* _What is needed_:
Leaving the pictures aside, write out the whole listing below exactly.

(Raw data Opens)

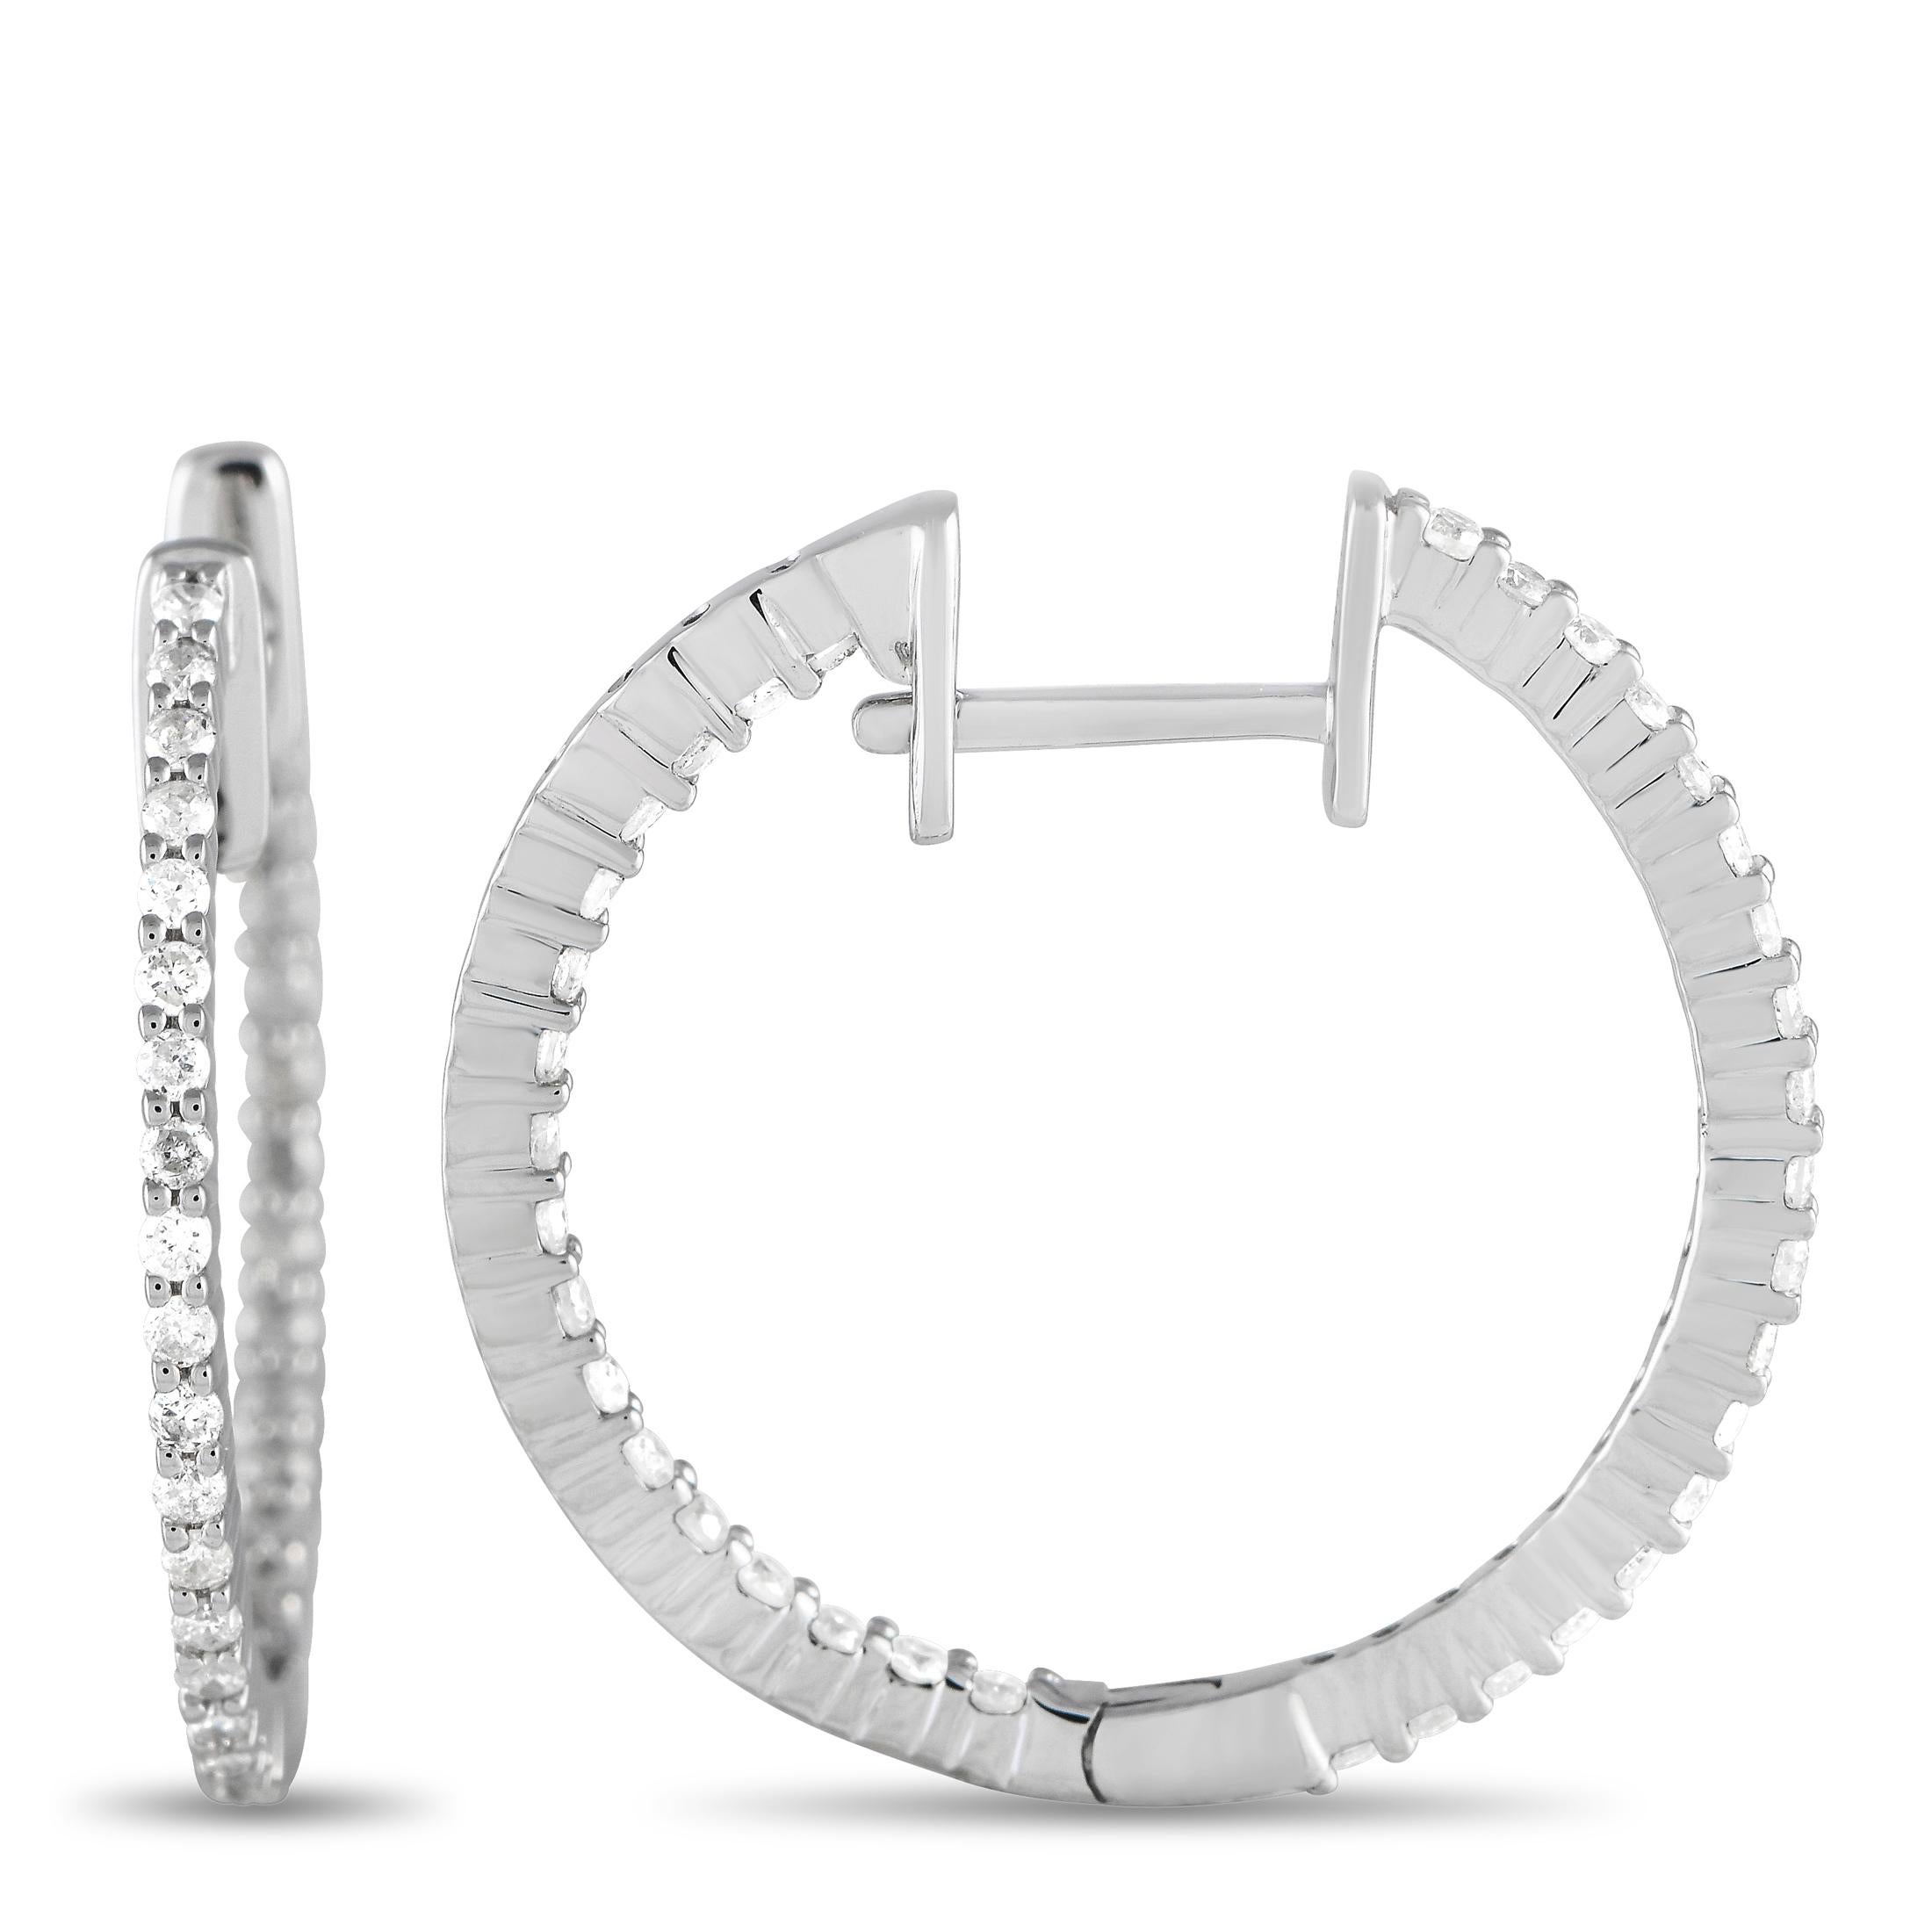 These delicate hoop earrings will beautifully complement any ensemble. Each one features a simple 14K White Gold setting measuring 0.80” round. Sparkling diamonds with a total weight of 0.55 carats allow them to effortlessly catch the light. 

This
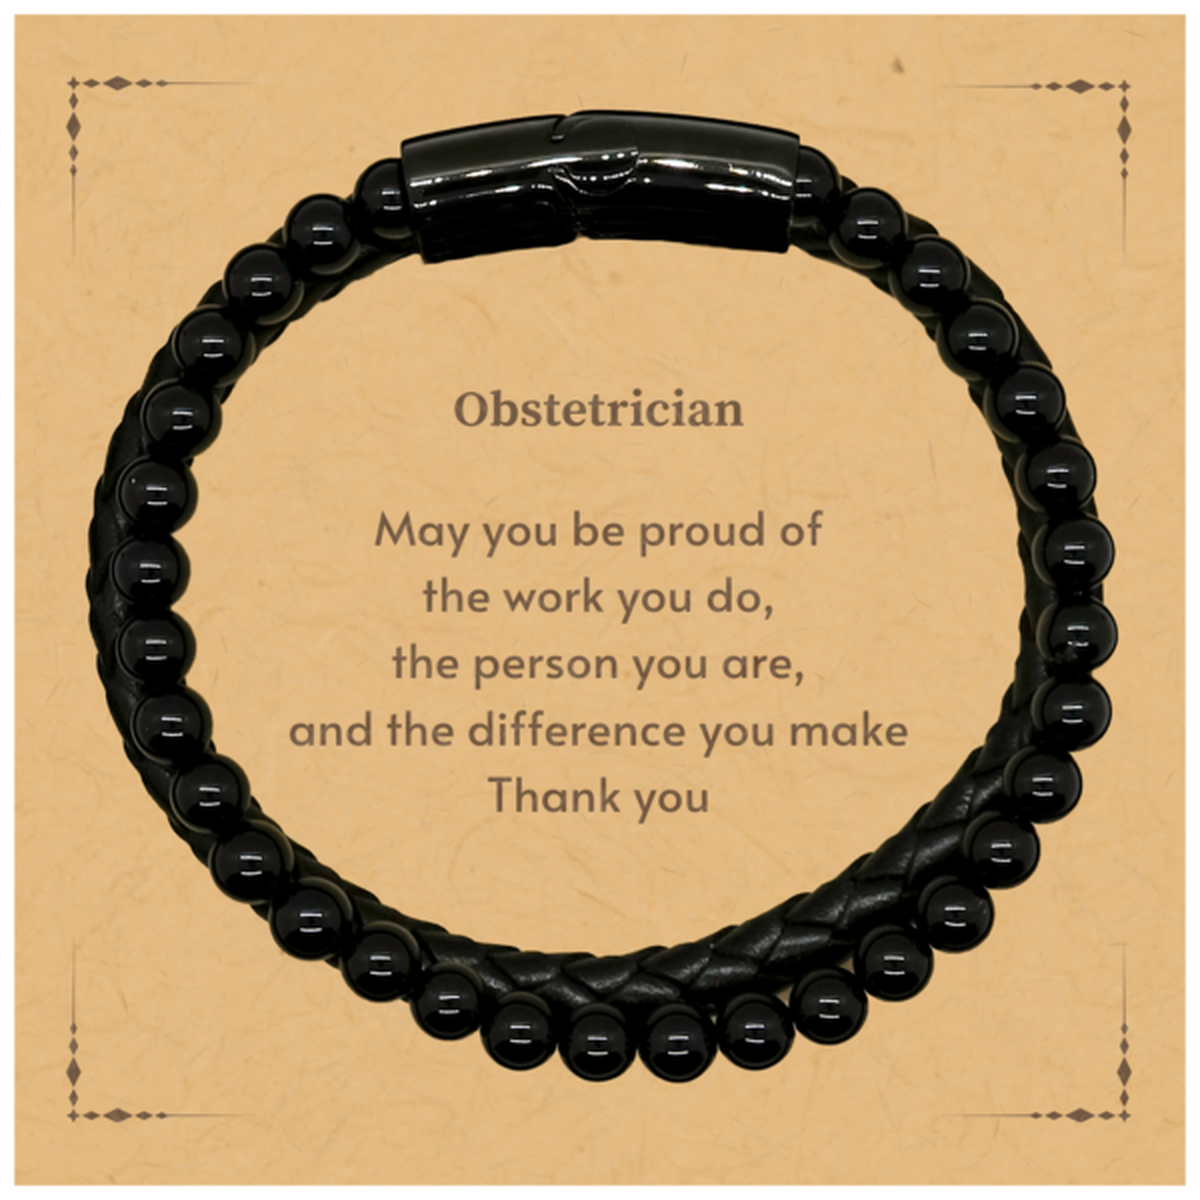 Heartwarming Stone Leather Bracelets Retirement Coworkers Gifts for Obstetrician, Obstetrician May You be proud of the work you do, the person you are Gifts for Boss Men Women Friends

(Raw data Closes)

* _Completed task_:
 These delicate hoop earrings will beautifully complement any ensemble. Each one features a simple 14K White Gold setting measuring 0.80” round. Sparkling diamonds with a total weight of 0.55 carats allow them to effortlessly catch the light. 

This
 Heartwarming Stone Leather Bracelets Retirement Coworkers Gifts for Obstetrician, Obstetrician May You be proud of the work you do, the person you are Gifts for Boss Men Women Friends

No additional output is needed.